The behaviour is also misleading when specifying a fixed_model_name that has not the required date format, as requests will not work at all then.
E.g. config
{
"pipeline": "spacy_sklearn",
"language": "en",
"path": "./projects",
"fixed_model_name": "model_en_deploy",
"data": "data/test.json",
"port": 5000
}
with query
curl -X POST \
http://localhost:5000/parse \
-H 'content-type: application/json' \
-d '{
"q":"I am looking for blue jeans"
}'
results in
{
"error": "time data 'en_deploy' does not match format '%Y%m%d-%H%M%S'"
}
@tmbo: it looks like an enhancement to me, not really a bug. To begin with:
The behaviour is also misleading when specifying a fixed_model_name that has not the required date format, as requests will not work at all then.
It's not that misleading: you're not supposed to have custom model names as models only represent a snapshot of a project: you have for instance an English speaking customer support chatbot project you named "en_customer_support", the "model_XXXXXX" and "model_YYYYYY" just represent two versions of this same chatbot project. Models are a way to version your project so you're not supposed to ask for "en_deploy" as a model.
As for setting a "fixed_model_name", more generally it would be interesting to have some per project metadata specifying the default model to use, the language, the pipeline and if the project is production ready or in development.
@PHLF if you are not supposed to have custom model names, a fixed_model_name configuration seems misleading to me..
In terms of ensuring that you deploy a certain model, which might not be the most current, it would be helpful to specify its name in the configuration, and throw an error if this model is not available, without a fallback to the latest model
Just to be sure, do we both agree that "fixed_model_name" is currently not a genuine parameter name ?
Edit: my bad, it is. I missed that. I don't really know when this was added, but I think it would be better to set a default model per project to override the latest model train being the default one: that would solve @clennan's issue.
It wouldn't be misleading even if you don't have a custom model name as it would allow you to specify the model you want to use as a default for a given project: "fixed_model_name": "model_MMDDYYYY".

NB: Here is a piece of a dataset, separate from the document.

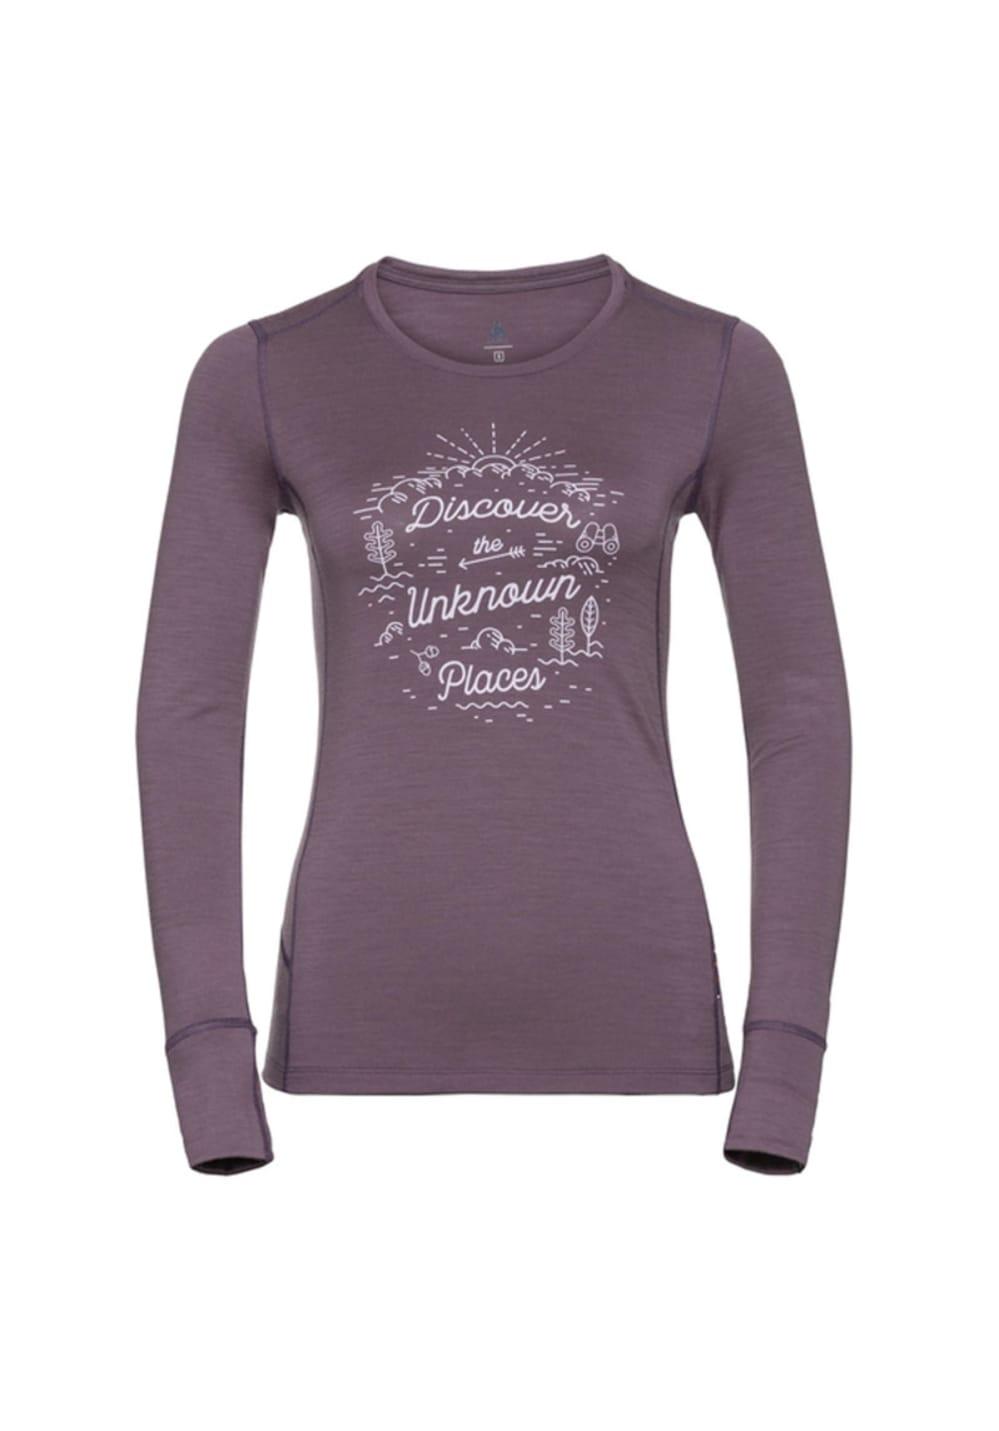 Odlo Top Crew Neck Long Sleeve Alliance - Laufshirts für Damen - Lila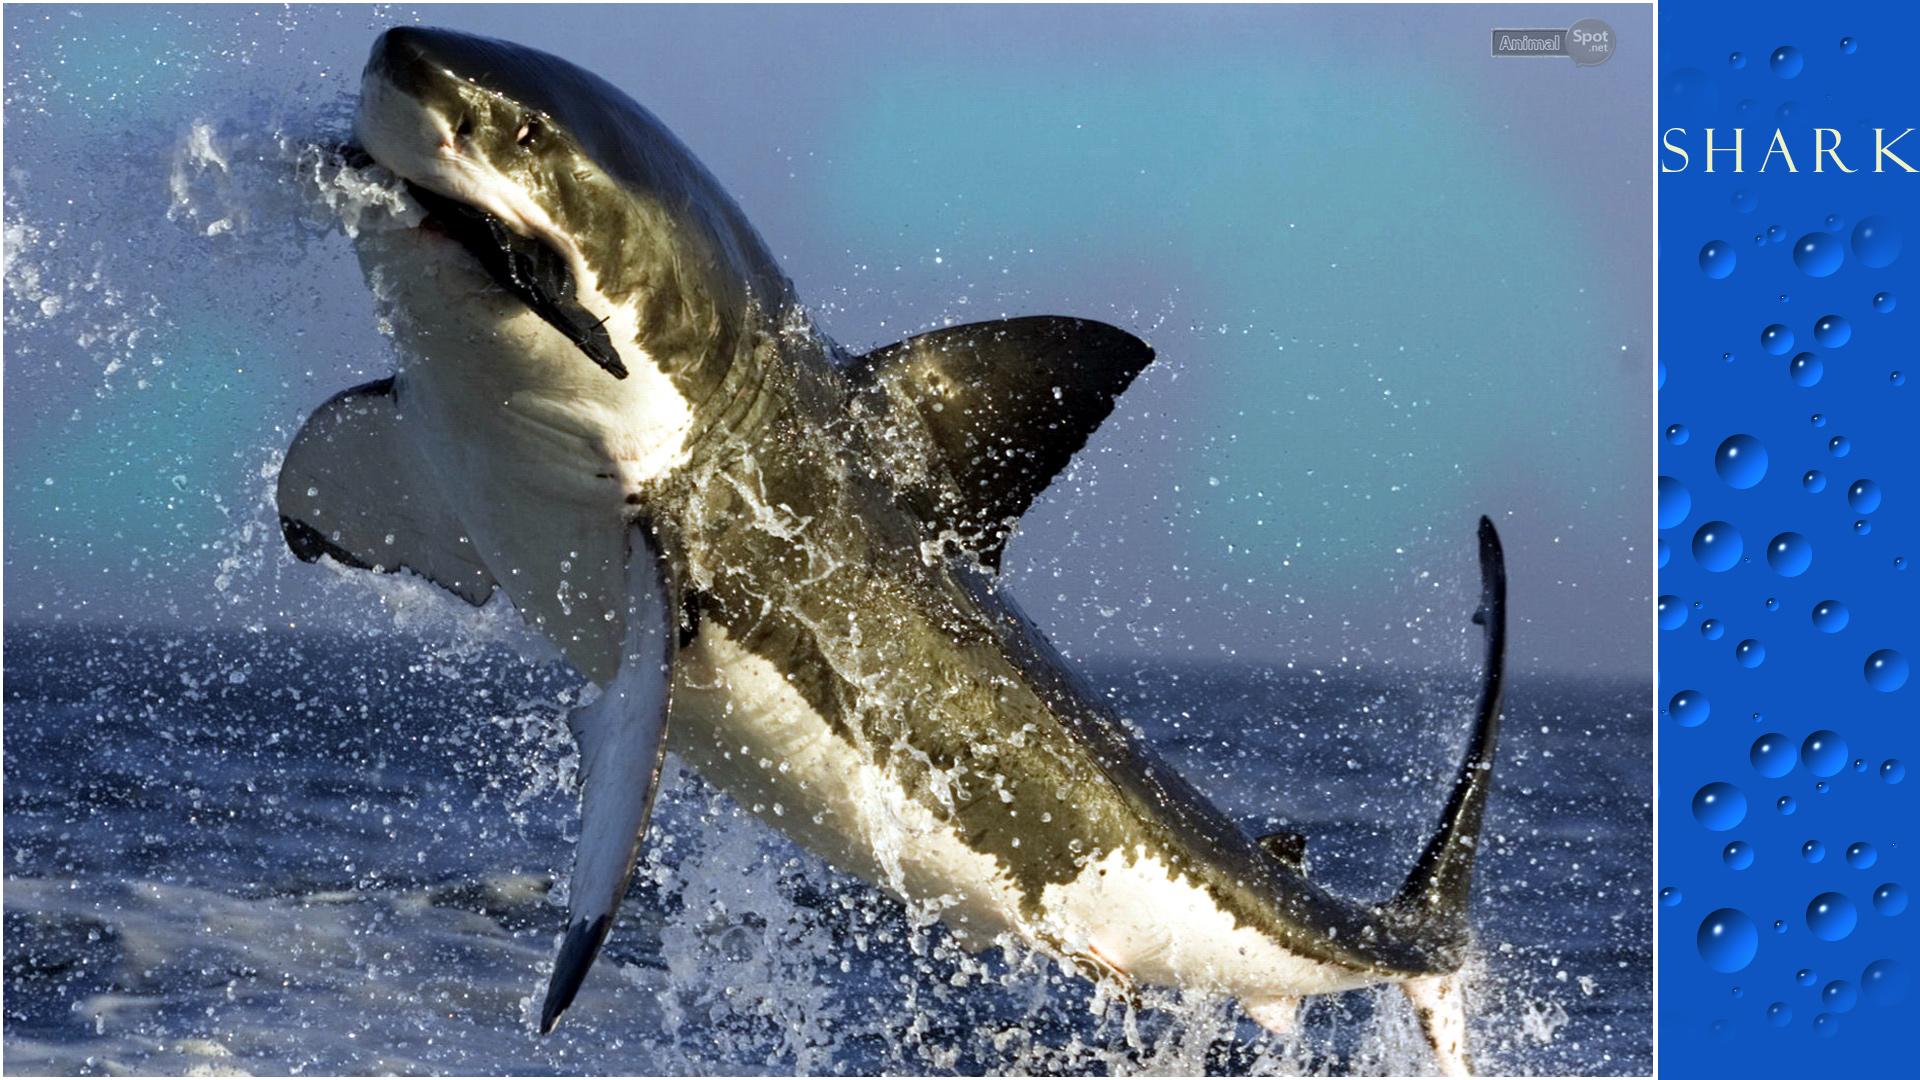 Live Shark Wallpaper for PC - WallpaperSafari

As for throwing an error, a fallback means what it means: it allows you to deliver your service in a worst case scenario, because maybe at some points the models may be stored in a separate DB that gets corrupted and the server is not able to find the right model anymore. Moreover there is currently a server side warning when the server uses a fallback model.
so are we saying the fixed_model_name is completely broken at the moment? Does it ever work as expected?
Exactly.
The error message "error": "time data 'en_deploy' does not match format '%Y%m%d-%H%M%S'" says it all: the model name need to match a specific format thus nullifying this fixed_model_name parameter as long as it differs from the model_YYYYMMDD-HHMMSS format.
You can set a fixed_model_name but you cannot set a custom model name.
So we either need to remove this parameter or fix it. One proposal for fixing it is to make it model_prefix rather than fixed_model_name and just have it override the model_ prefix?
@clennan can you help me with your use case, why are you trying to use a fixed model name?
Seems fixed_model_name parameter has been used only while training and it creates the model name with specified value. However the status and parse endpoints expect model name in specific format. Hence good to remove fixed_model_name (at least from Configuration documentation ) until status and parse endpoint does not recognize it.
this should be fixed.
Most helpful comment
@PHLF if you are not supposed to have custom model names, a fixed_model_name configuration seems misleading to me..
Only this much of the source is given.